# Foreign income reported on W2



## cheenus (Apr 5, 2018)

Hi,
I have a technical question regarding how to fill in my 1040 in this specific case:

I am an Indian citizen living in the US.
Part of 2017 I was living in the Canada. In Canada I was working for the US company's Canadian subsidiary.

I was vested some stocks as part of my benefits from the US company. As it was vested while I was working in Canada it was taxed in Canada. 

I also received a W2 for the same amount without any taxes being withheld.

Effectively I have a W2 over an amount which has already been taxed in Canada. And it is also reported in the T4 (Canadian equivalent of W2).

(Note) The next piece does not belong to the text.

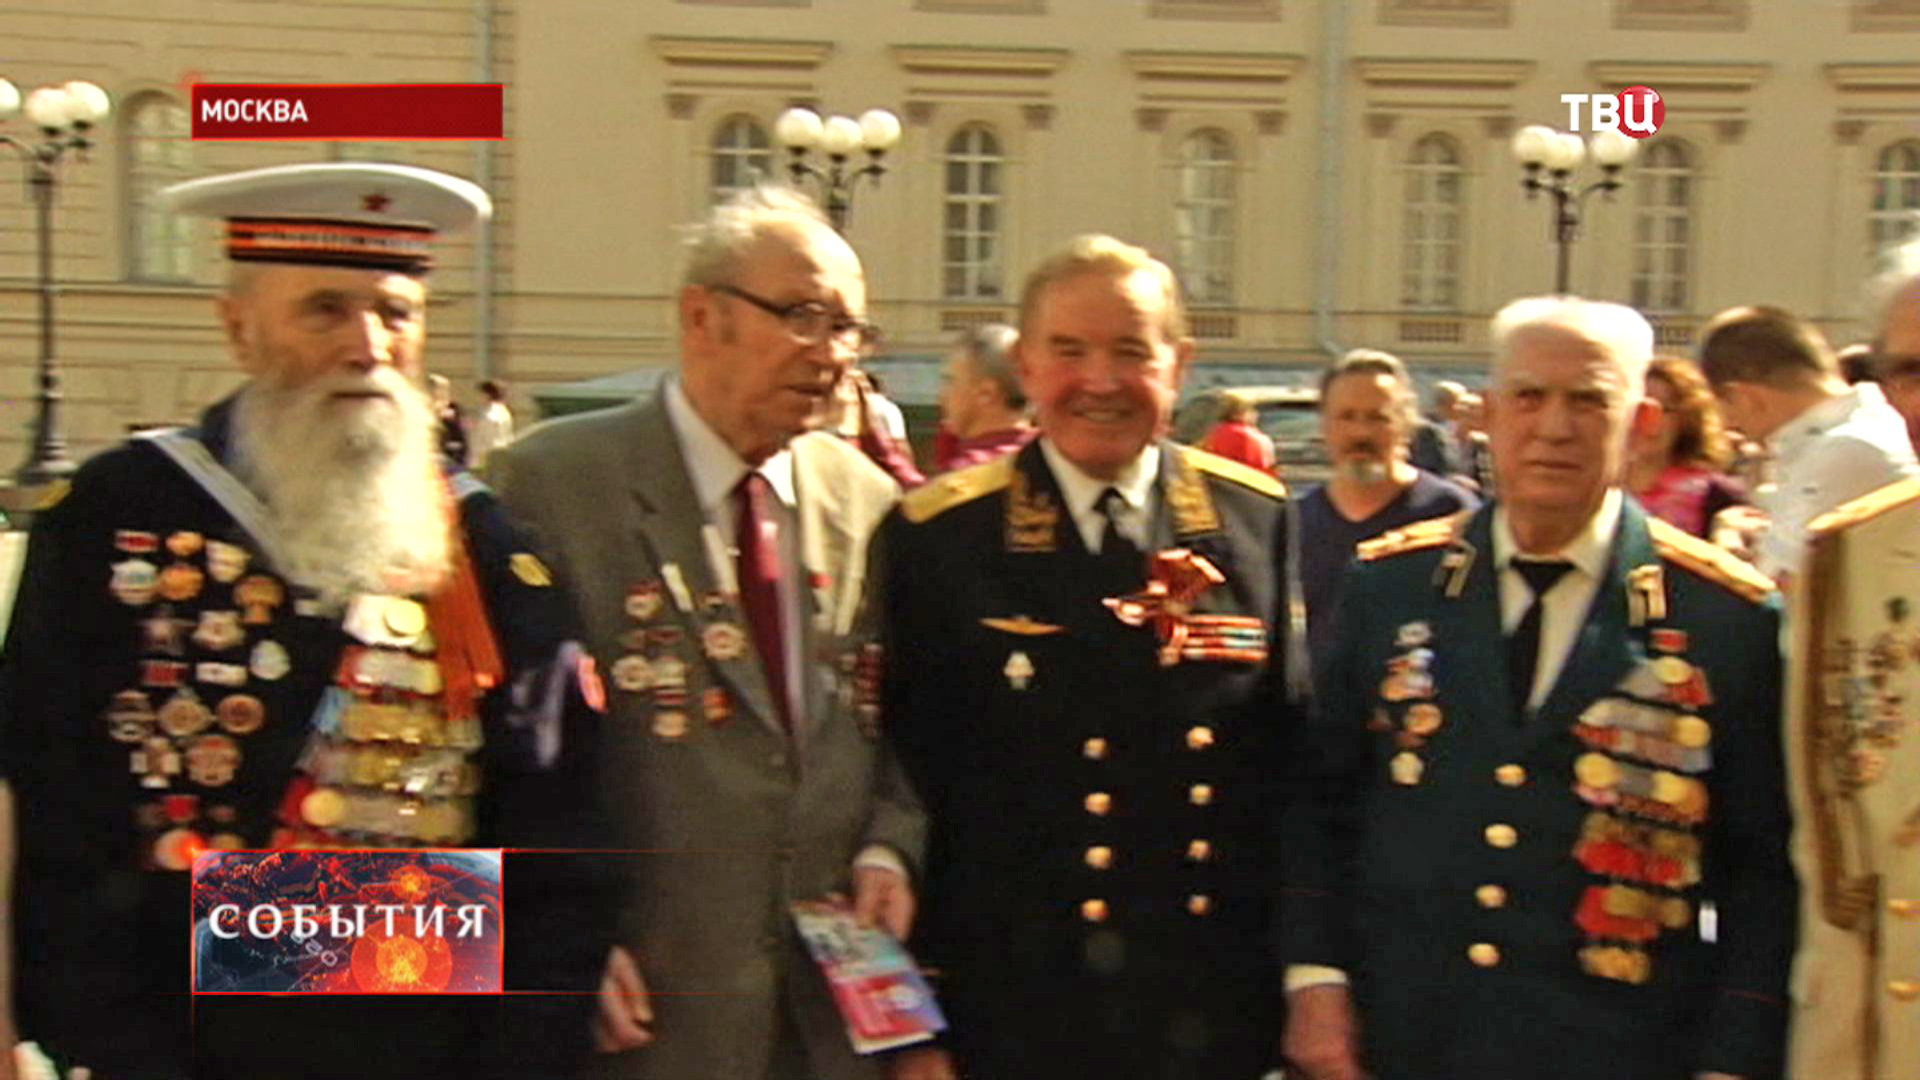 Встреча ветеранов Великой Отечественной войны в Москве

The question is - how do I report the income on my 1040? 
If I report it as a standard W2 income it is treated as US source income and I will be double taxed


Many Thanks.


----------



## Bevdeforges (Nov 16, 2007)

Receiving a W-2 means that you will need to report the amount involved on your US tax return. If the amount was already taxed in Canada, you should then claim the Foreign Tax Credit (form 1116) to credit the Canadian taxes paid. If the Canadian tax is less than the US tax on the amount, you'll have to pay the difference. If the Canadian tax is more than the US tax, you'll have a carry over credit to be used next year on your US taxes.
Cheers,
Bev


----------



## cheenus (Apr 5, 2018)

Thanks for responding to my question. 
I am still confused. The amount on the W2 is already included in my 1040 under foreign income. As it is a part of my T4 (Canadian equivalent of W2) and it was taxed in Canada. By including the amount under W2 the said amount will be calculated twice and my income will be more than what I actually received.

Also the Canada tax paid is higher than US tax and it reported in Canada. However since W2 does not show any tax withheld once it’s included in 1040 I am being double taxed on the income.

Could you tell me if I have a way to fix this


----------



## Moulard (Feb 3, 2017)

Not familiar with the US-Canada dual tax treaty... but that said, I expect the following to apply... If you were a tax resident of Canada then Canada will have primary taxing rights over the income.

When you file your US tax return you can use Form 1116 to claim a Foreign tax credit to offset some or all of the US taxes owed on the income.

A very simplistic example...

Say you earned 1000 as a resident in Canada. As a Resident you pay 200 tax to the CRA.
As a US citizen you also report the 1000 to the IRS owe 150 tax to the IRS.

Using Form 1116 you can reduce the US tax owed by up to 150 and carry over the extra 50 for up to the next 10 years.

Turning the tax numbers around, you would only owe the IRS 50.

Pub 514 is your friend...

https://www.irs.gov/pub/irs-pdf/p514.pdf


----------